Jean explica que estamos passando por uma mudança no padrão comunicacional, que ainda não foi implementada totalmente pelos meios de comunicação. As redes sociais não aceitam bem conteúdos que são apenas uma mera transposição do jornal ou da televisão. A moda na internet é mais interatividade e menos rigidez nos formatos. “No jornalismo tradicional, precisamos de fatos. No jornalismo do Tiktok, precisamos contar e ouvir histórias”, diz o especialista.
Nem para todos os males há remédios
Não é só Jean que pensa assim. Humanizar o conteúdo jornalístico é uma forma de criar personagens, se misturar um pouco com entretenimento e furar a bolha. “Apresente a razão pelo qual o personagem aparece, opte por personagens que agem e não apenas reagem”, essas são algumas das técnicas de escrita que Ana Maria Straube me contou.
A roteirista do “Ditadura Recontada”, um dos podcasts mais populares da CBN, descreveu detalhadamente sua paixão pelo tema, mas que passava por uma luta constante para entender se quem não se interessava pelo tema ainda daria uma chance pro podcast. Uma tentativa de vencer esses obstáculos é usando elementos narrativos da ficção, mas sem deixar a ética de lado.
“Parte da criação é entender que nunca conseguimos retratar personagens de uma forma extremamente complexa. Ao perceber que as pessoas nunca estão completas ali, escolher eticamente o que sobre essa pessoa você deseja trazer para o texto”, aconselha Natalia Silva, editora-executiva da Rádio Novelo.
Utilizar elementos cativantes da literatura sem deixar a apuração ética de lado.

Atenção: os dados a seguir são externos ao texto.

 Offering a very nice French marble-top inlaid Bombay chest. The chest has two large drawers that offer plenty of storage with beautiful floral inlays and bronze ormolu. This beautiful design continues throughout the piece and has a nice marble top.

Mas é só isso? Claramente não existe uma fórmula perfeita, ou teria sido muito mais fácil te manter lendo até aqui. No entanto, experimentar e praticar é sempre uma boa tentativa.
Sabe aquele amigo que sempre te prende ao contar uma história, mesmo que não tenha nada de realmente extraordinário? Provavelmente foram anos para treinar lábia e construção de narrativa.“O mais importante nem sempre é a história, mas como você conta”, me disse Bárbara Falcão, ex-produtora da CBN e editora do Núcleo de Reportagens Especiais do UOL.

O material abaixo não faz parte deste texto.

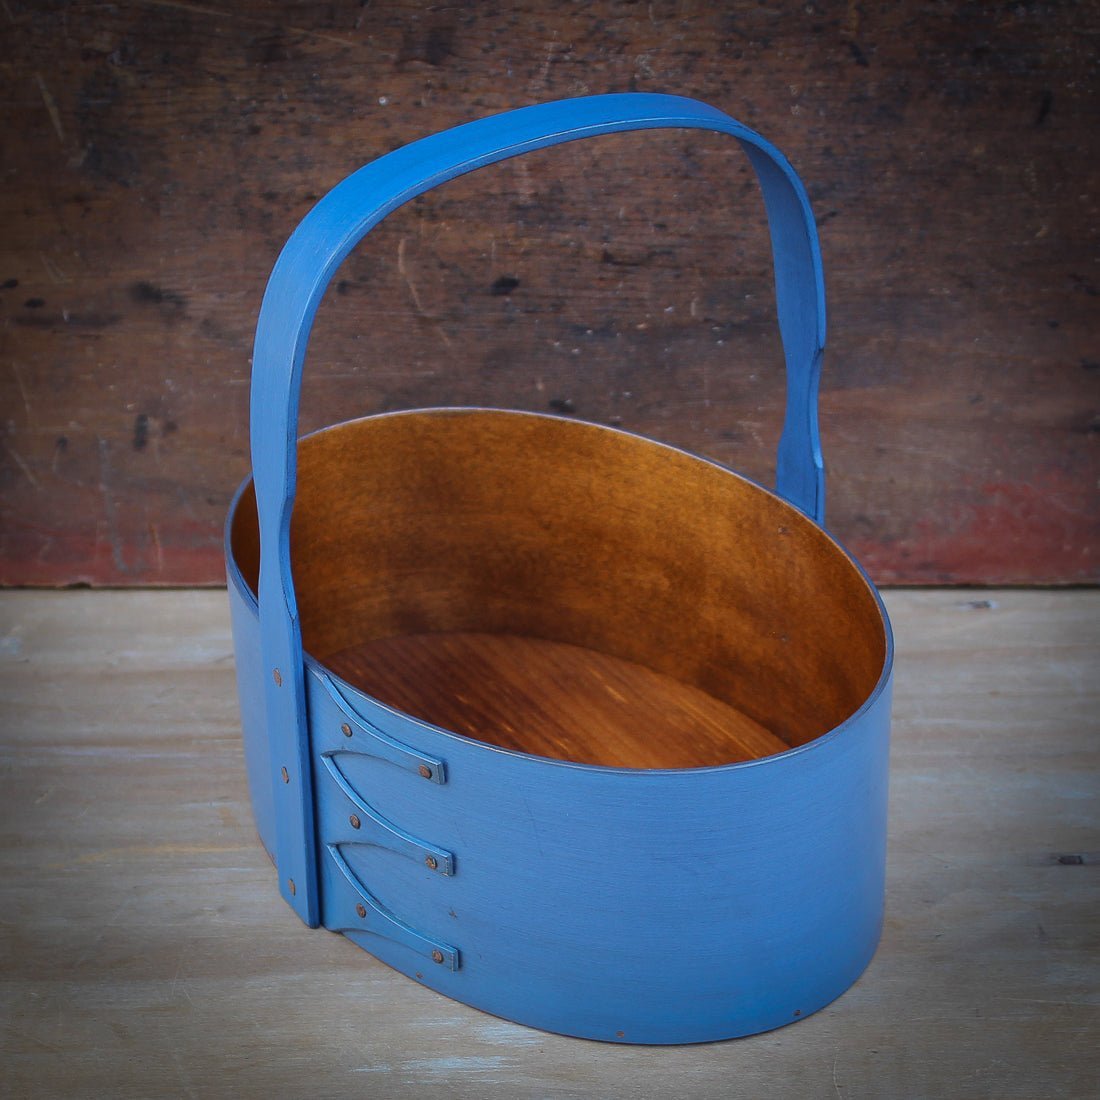 Shaker Carrier, Size #4, LeHays Shaker Boxes, Handcrafted in Maine, Blue Milk Paint Finish, Side View

Por exemplo, qual seria sua reação se você ouvisse que uma menina que tinha língua presa e era gaga até os 13 anos se tornou locutora em uma das maiores emissoras de rádio do Brasil? A história pode não ser tão relevante para meu texto, mas construir uma narrativa sobre a Nadedja Calado pode chamar muito mais atenção e também levar o público a sua história profissional, que realmente se comunica com a reportagem.
Nadedja, que foi a narradora do “Ditadura Recontada”, me contou algumas outras formas de tornar o conteúdo mais chamativo, pelo menos no mundo do áudio. Os momentos de silêncio, o ritmo, as trilhas sonoras, a descrição visual e a alternância de vozes são maneiras de tornar o conteúdo mais atrativo.
Em resumo, não existe maneira simples para solucionar a pergunta que paira todos os dias em centenas de redações. Ferramentas do entretenimento, metodologia jornalística ou qualquer outra técnica. Talvez tudo isso misturado – e mais. Bem, mas se você chegou até aqui, algum desses ingredientes deu certo…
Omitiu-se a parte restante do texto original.